Semana de páscoa
sempre foi m período que me trouxe muito incomodo. Quando eu era criança,
insistiam comigo para comer peixe na sexta-feira, mesmo eu não gostando (hoje
eu gosto) e não permitiam que se tivesse outras comidas em casa. Lembro-me que
somente quando minha irmã, que tinha sérios problemas para se alimentar (só
comia arroz), começou a comer a lasanha, é que este prato foi permitido para
ela, mas eu ainda tinha que comer as batatas e legumes do bacalhau.
Aquela
cerimônia forçada, descasada de uma tradição que fosse coerente, (sim, porque
também não éramos religiosos o suficiente para guardar a tradição da sexta
santa de forma lógica, era mais uma desculpa para comer bacalhau) sempre me
desgostou. E quando chegava no domingo só
piorava.
Por incrível
que pareça, eu nunca fui fã de chocolate, até hoje me lembro daqueles horríveis
guarda-chuvinhas de chocolates com gosto de gordura hidrogenada que ganhávamos de
vez em quando, tinham um retro gosto que ficava preso nos lábios e fundo da
garganta e nunca mais ia embora. Eca!
Acho que era por isso que não gostava de
chocolates naquela época a oferta era mais limitada. A cara de decepção das
pessoas quando me presenteavam era o reflexo da minha própria, e aquilo era constrangedor.

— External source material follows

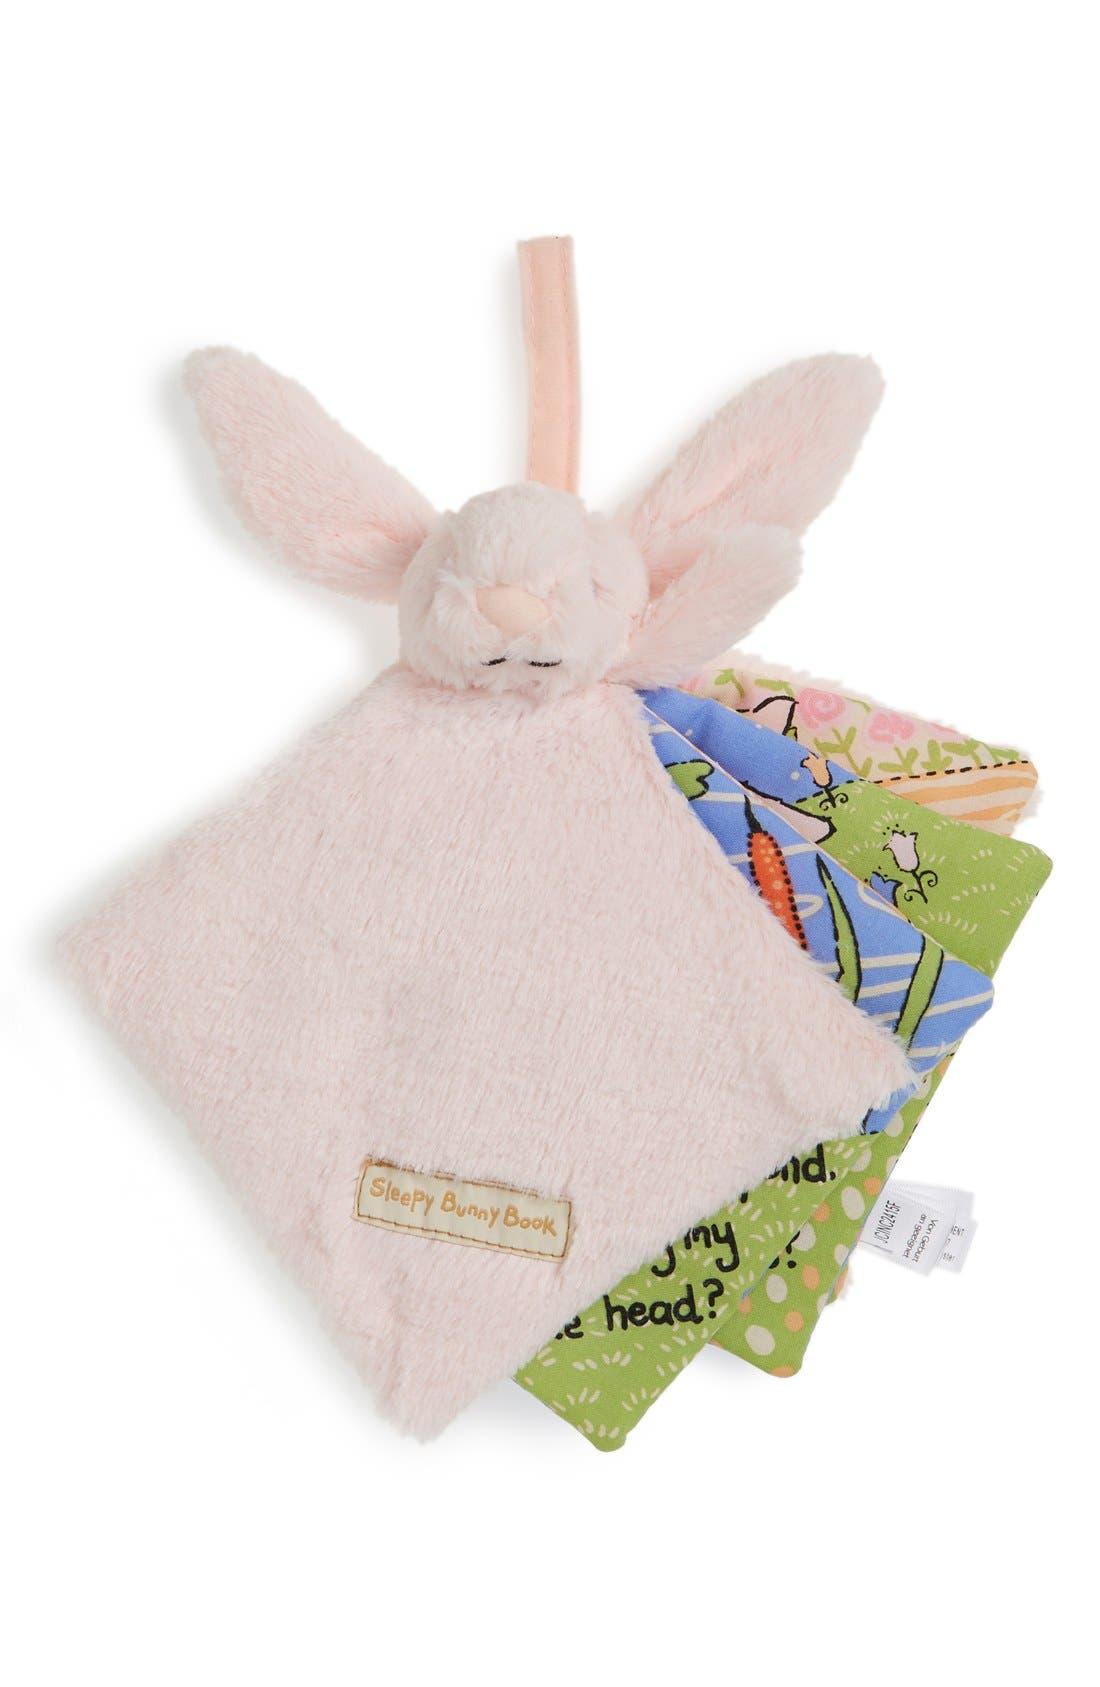 'Sleepy Bunny' Soft Fabric Book,                         Main,                         color, 650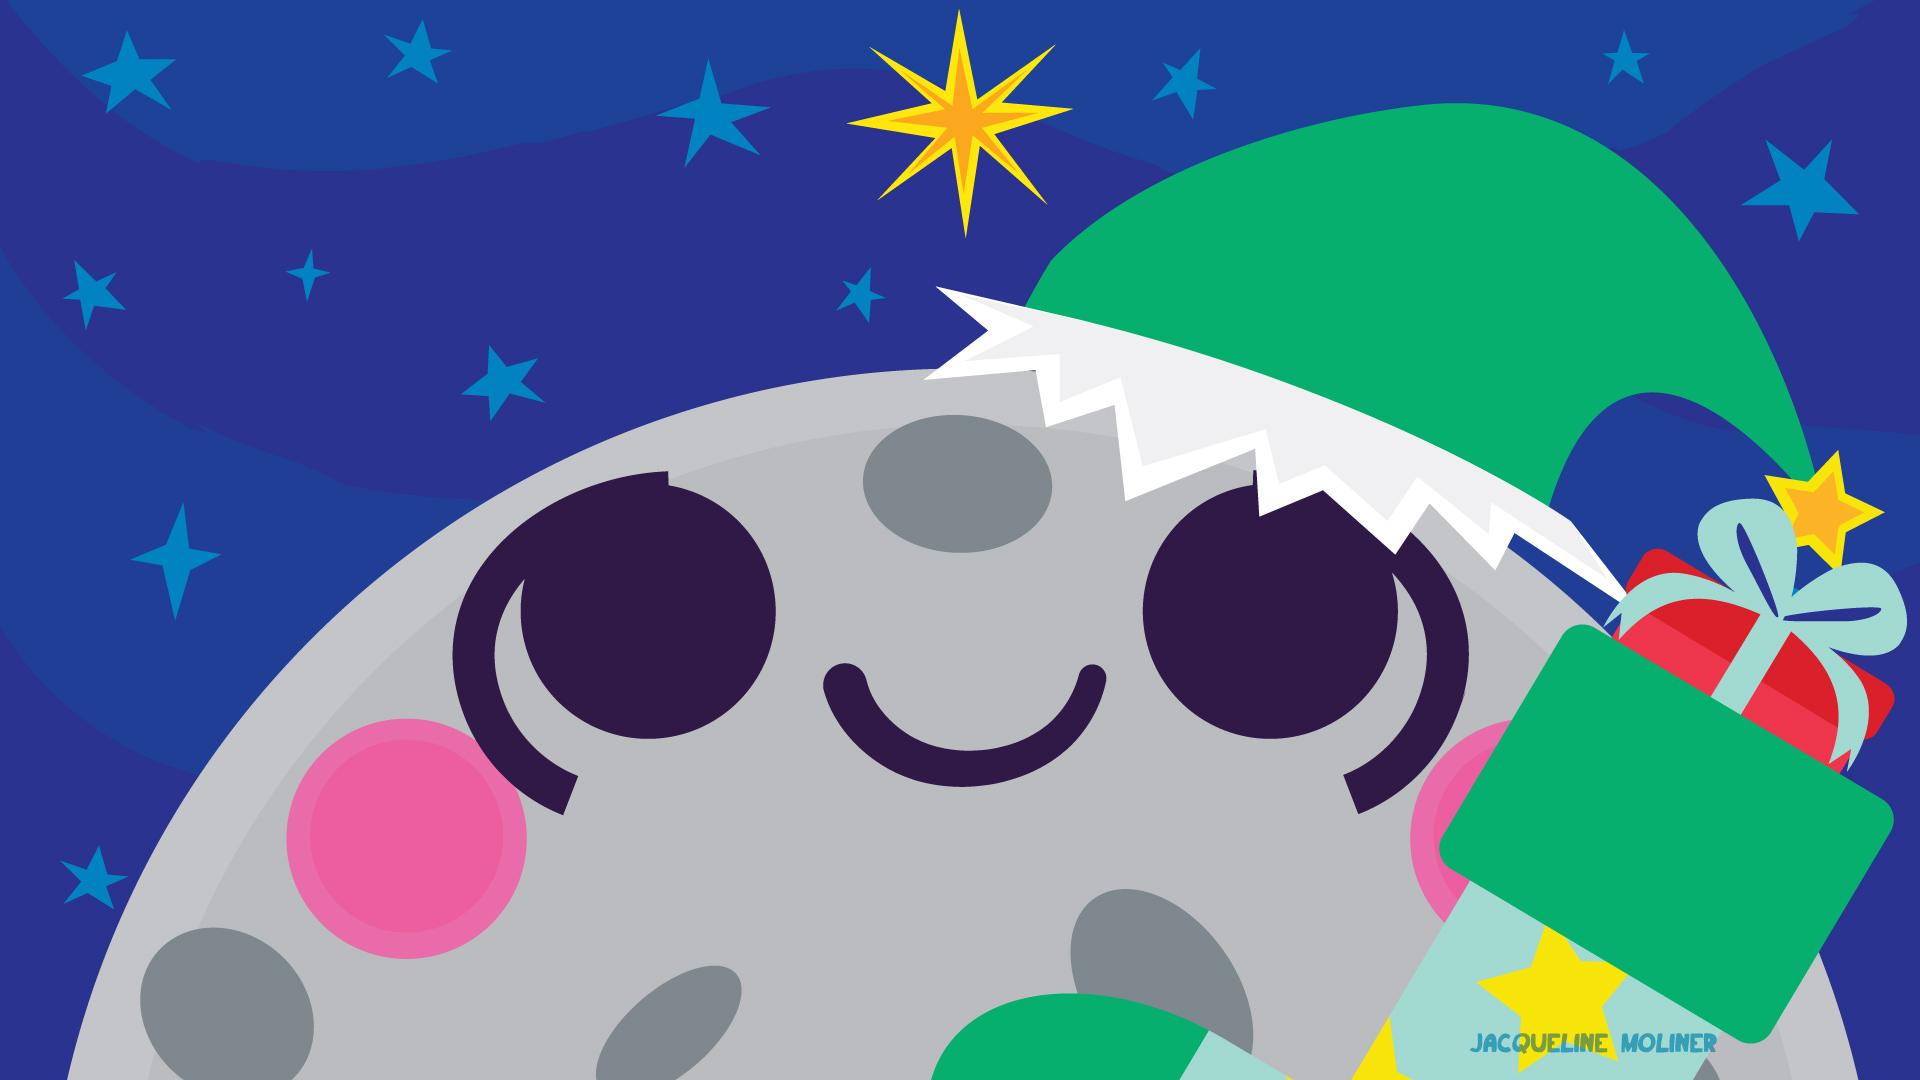 Moon Holiday Wallpaper

Imagino o sacrifico que minha tia fazia para comprar ovos para os quatro filhos
e todos os sobrinhos e eu lá com aquela cara aborrecida.
Depois de um
tempo criei um jeito para fugir dos ovos, passei a só comer chocolate branco, e
não havia ovos de chocolate branco. Contentava-me com uma barrinha de galak, ou
uma balinha, mas ainda assim aqueles que me presenteavam pareciam sempre tão
frustrados quanto eu mesma.
Nunca entendi
esta necessidade de nos forçar a comer aquilo de que não gostamos, e como disse
antes, na minha família nunca houve uma forte tradição religiosa, na medida em
que pude escolher minhas próprias crenças, esta foi uma que abandonei de vez.
Mas os anos
passaram e minha inner child virou mãe. Descobri outras formas de passar as
festas santas, através dos olhos do meu filho, através da inocência da criança,
através da magia.
Enquanto fazia
os últimos acertos ligando do meu celular para o coelho da páscoa (é isso
mesmo, eu tenho ligação direta para o coelhinho, pelo menos na imaginação do
Miguel), convenci meu pequeno de que ganhar ovos não era tão bom quanto uma
cesta de guloseimas, afinal renderia muito mais. Na verdade os ovos estão caríssimos
e tenho certeza de que ele vai ganhar outras coisas de tias e avós.
Na sexta santa
entramos numa loja cheia de ovos de chocolate, apenas para cortar caminho até a
entrada que fica na outra rua, e fomos abordados por um menino negro e pobre,
que nos pedia para pagar um chocolate. A fila estava imensa e iríamos ficar
pelo menos 1h na loja, e tínhamos um pouco de pressa, mas aquilo acabou comigo.
Minha criança interior veio à tona com toda sua tristeza em relação a este
feriado. Na saída da loja havia mais crianças esperando que alguém lhes
comprasse chocolates. Eu comecei a chorar, primeiro porque não poderia comprar
para todas (nem mesmo tinha dinheiro comigo), segundo porque era injusto que
tanta propaganda fizesse com que as diferenças entre os que podem ter acesso e
os que não podem ficasse tão evidenciadas. Era apenas chocolate, algo que para
mim é tão cotidiano e que para aquelas crianças era um luxo.
Miguel não
entendeu porque eu chorava e comecei a explicar que o menino era pobre e a mãe
(se é que ele tinha) não tinha dinheiro para comprar chocolate para ele, e que
eu não poderia comprara naquela hora. E que ele deveria sempre pensar nas
coisas que ele tem, e entender quando eu disser não por algum motivo, etc.
Foi aí, neste
momento, que meu filho, após um segundo de silêncio, me perguntou:
- Mamãe, você
queria ser mãe daquele menino?
Eu hesitei
porque não sabia o que responder, e então resolvi dentro de mim. – Talvez, por
quê?
- Você podia
levar ele para casa, e ser mãe de nós dois.
O que ele
estava pensando? O que ele entendeu disso que havia acontecido? Será que ele
pensou que eu sendo mãe do menino resolveria a tristeza, ou a minha? Eu não sei,
somente posso conjecturar, mas que foi minimamente inusitado, foi.